**** Dataset excerpt
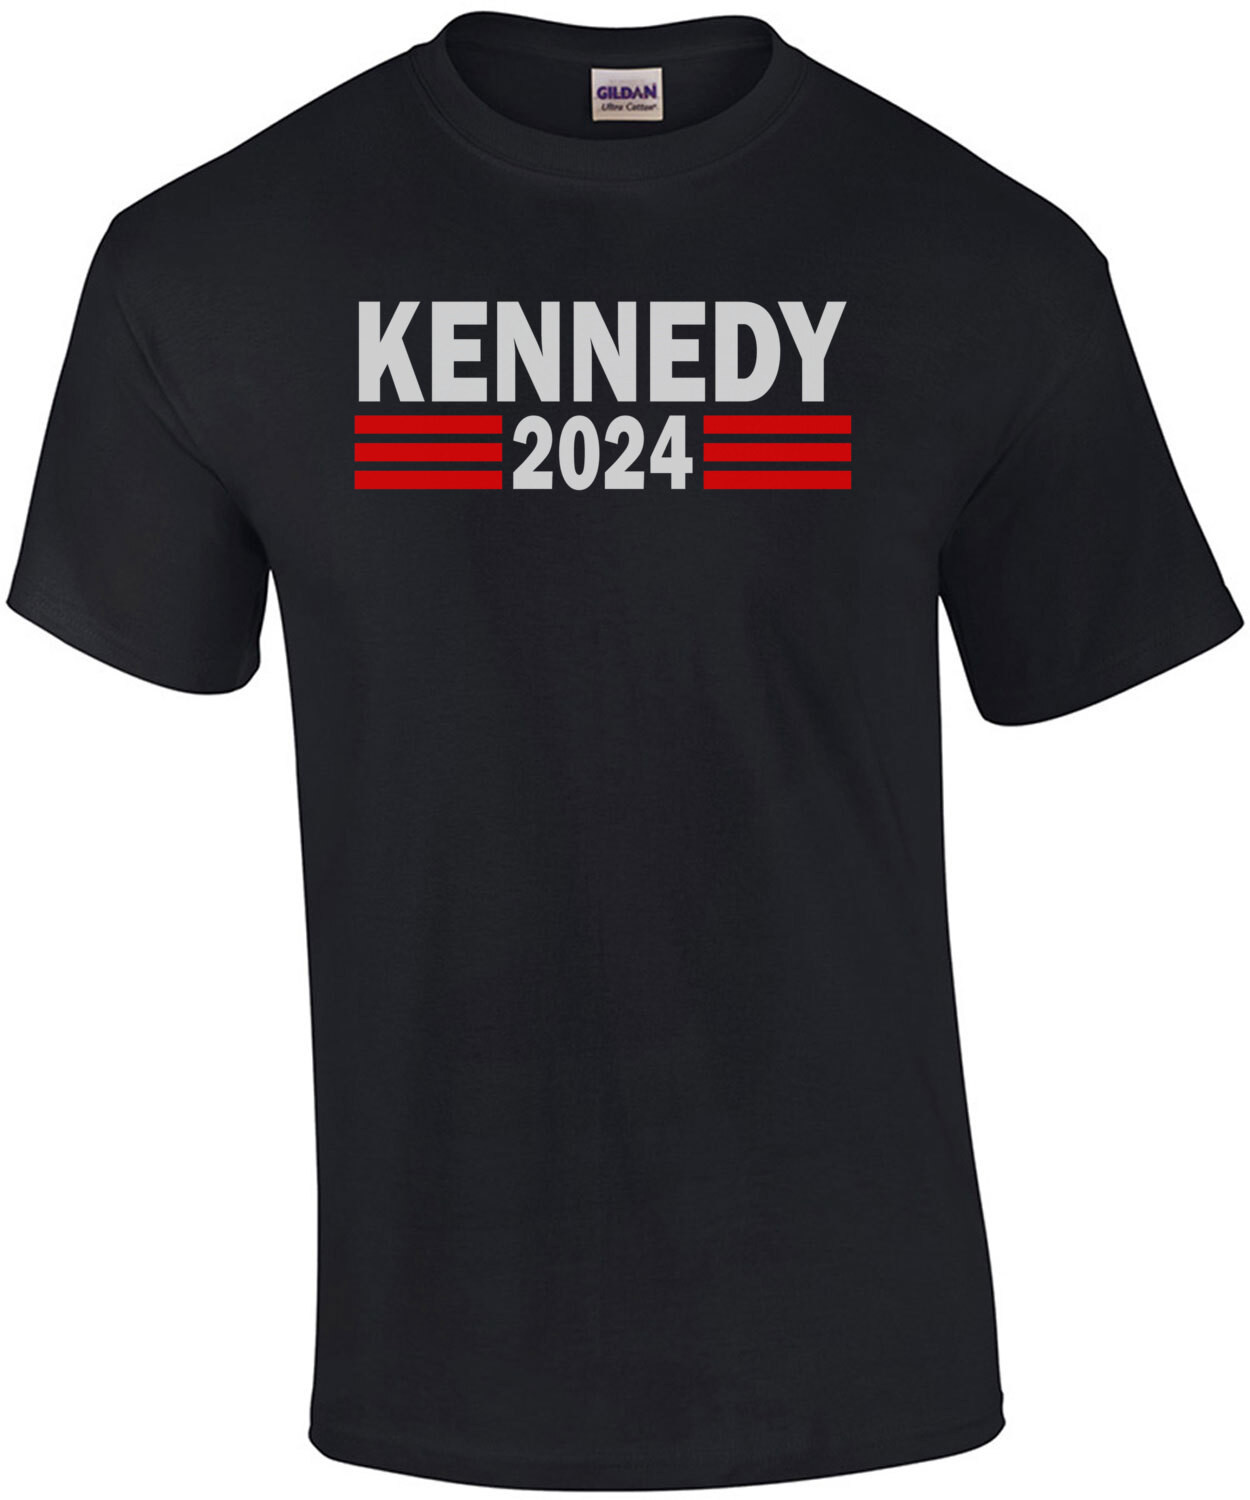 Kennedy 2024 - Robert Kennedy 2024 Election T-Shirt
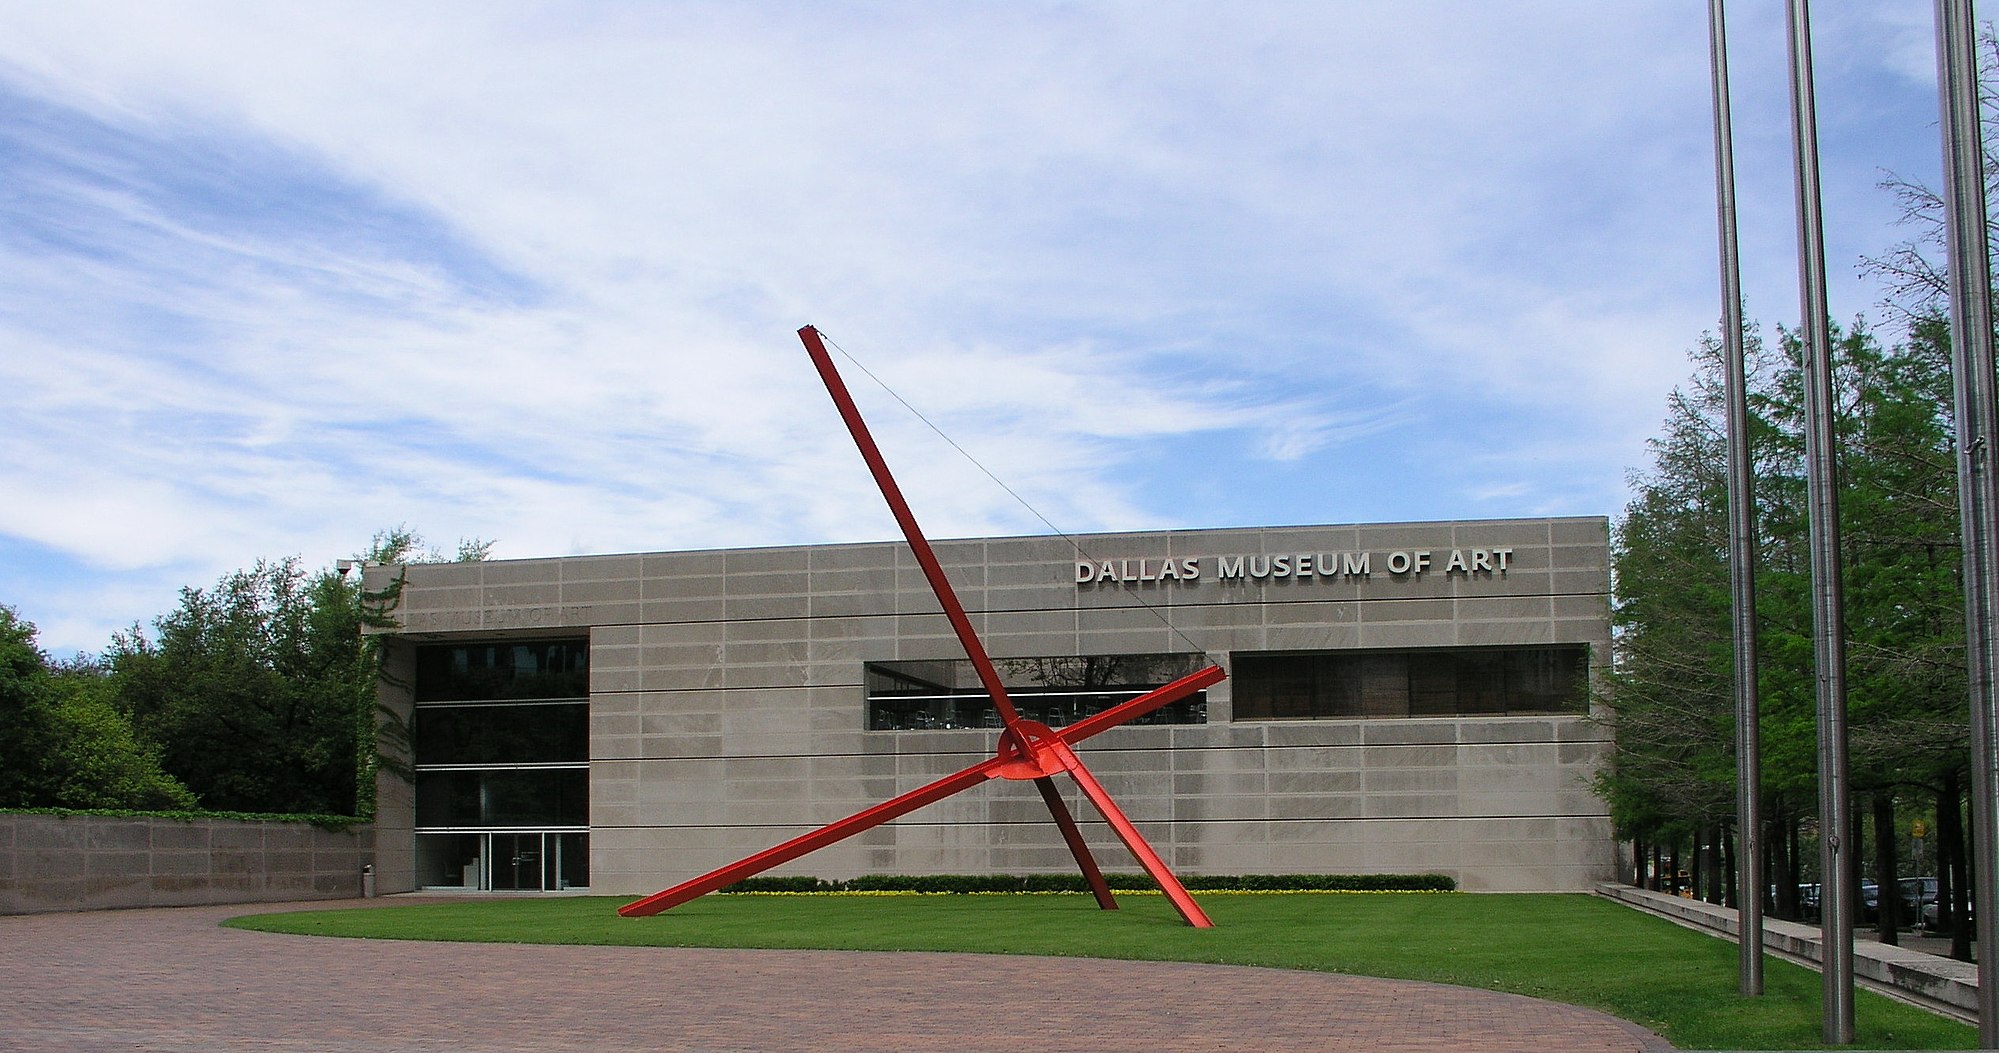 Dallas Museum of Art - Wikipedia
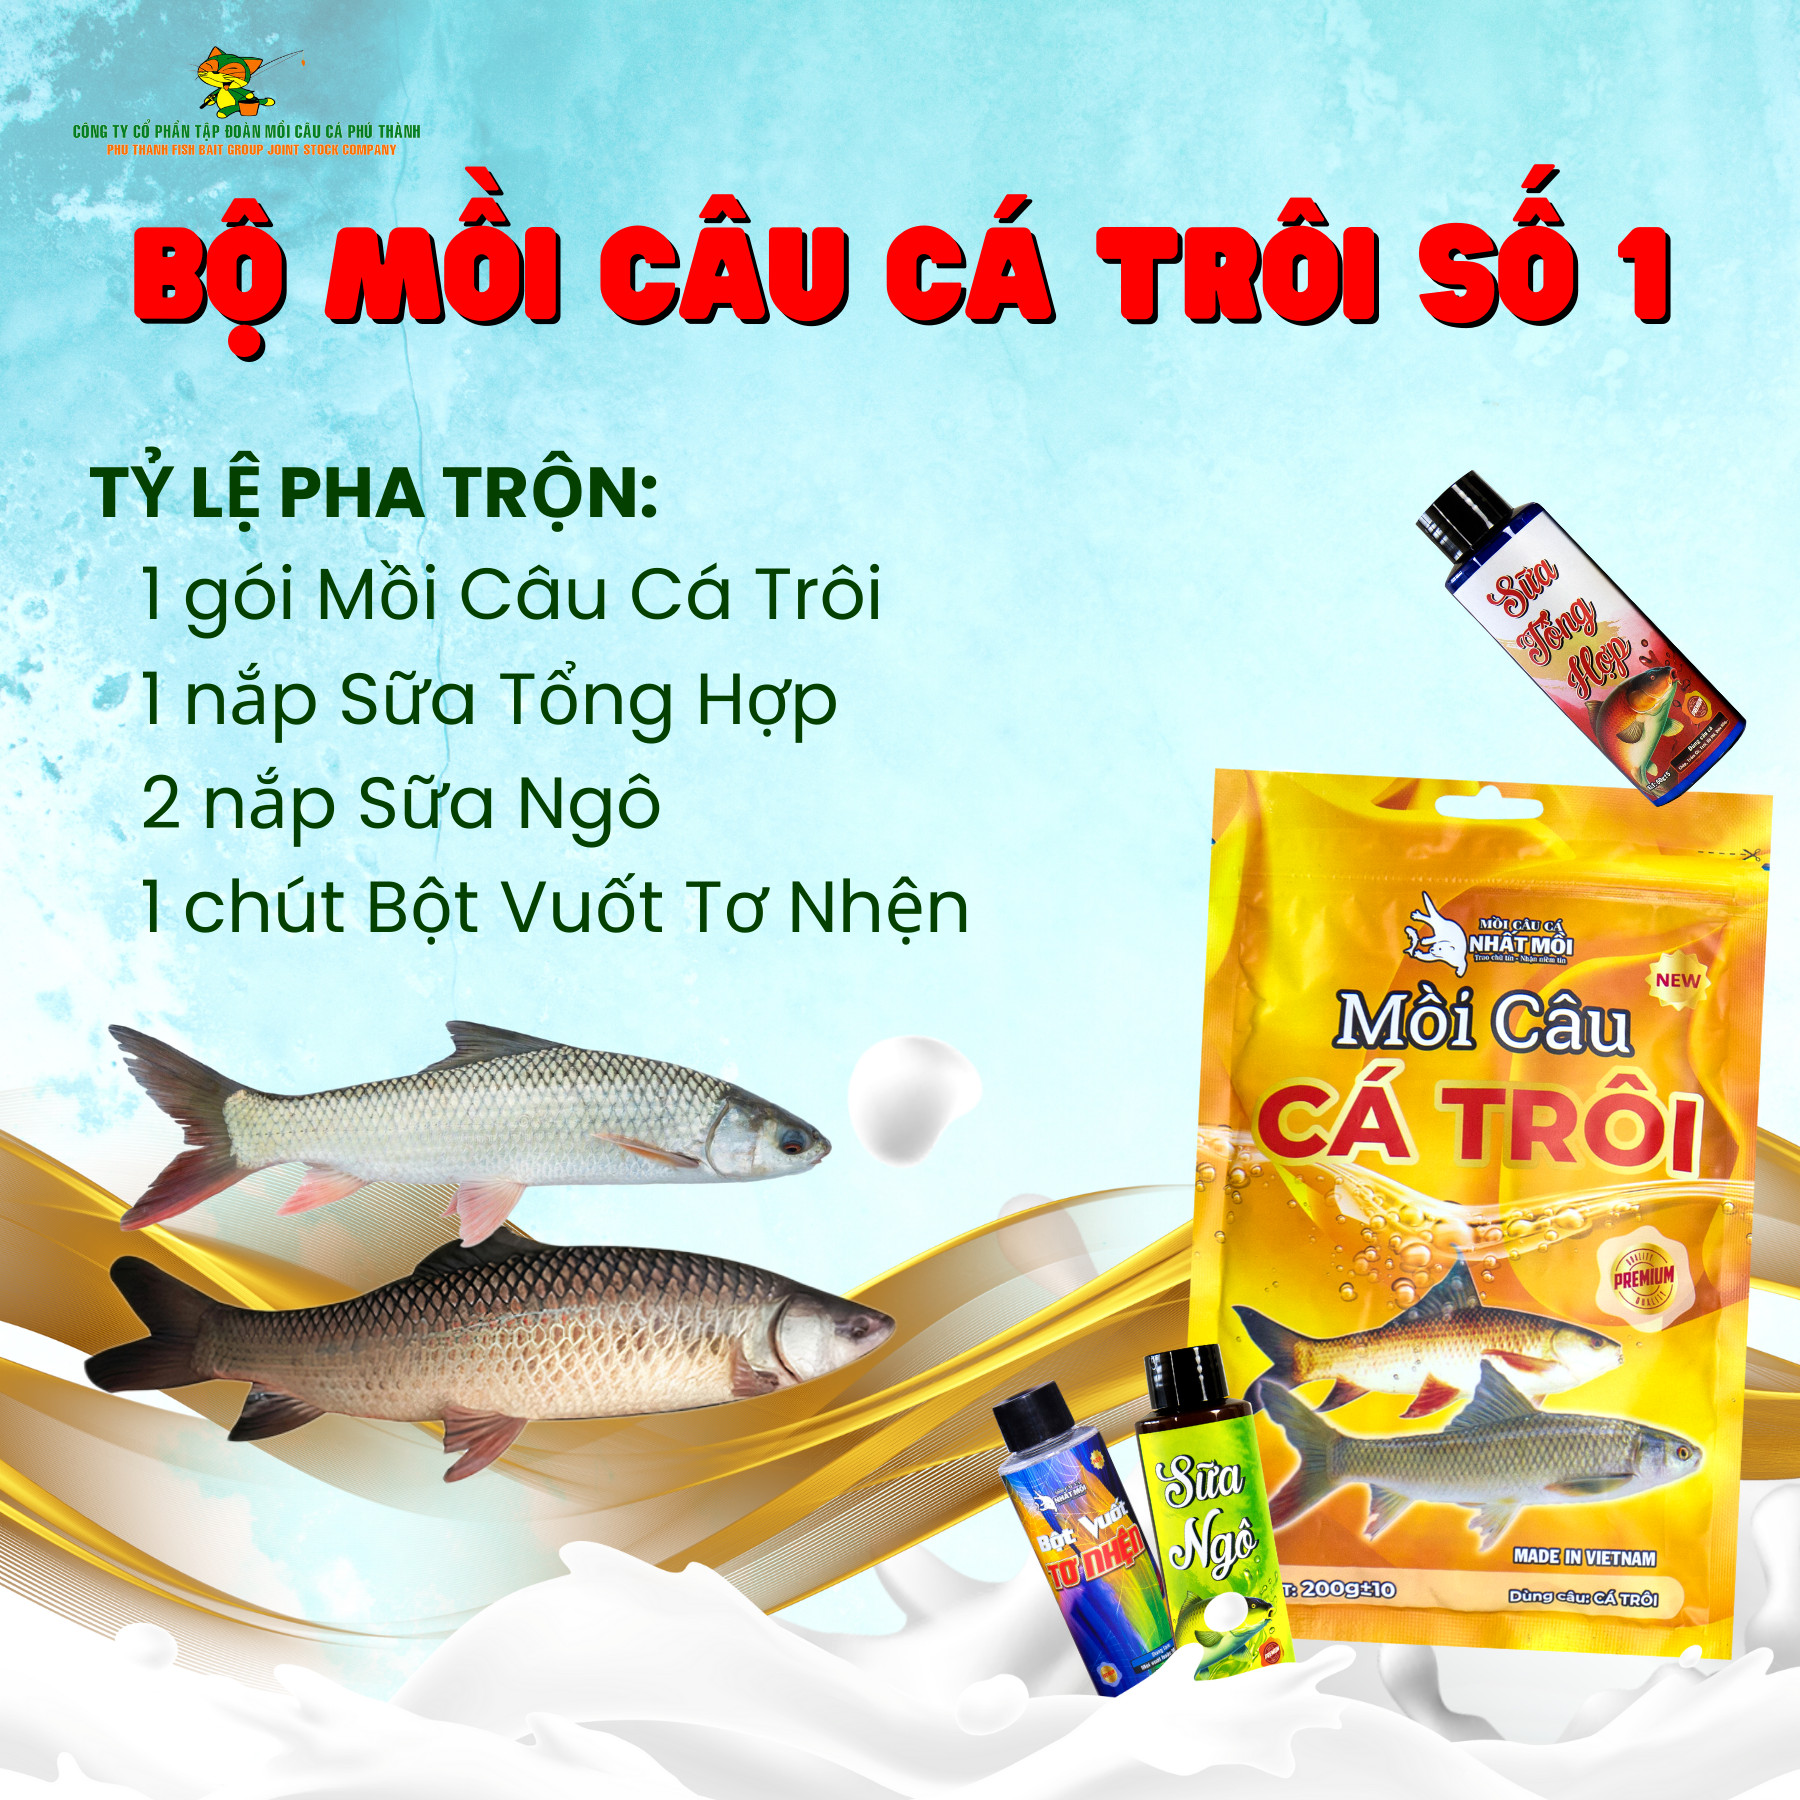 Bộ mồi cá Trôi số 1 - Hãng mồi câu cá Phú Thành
********
Restate all of the material above word for word, excluding the pictures.

_Problem solution_
 Kennedy 2024 - Robert Kennedy 2024 Election T-Shirt
 Dallas Museum of Art - Wikipedia
 Bộ mồi cá Trôi số 1 - Hãng mồi câu cá Phú Thành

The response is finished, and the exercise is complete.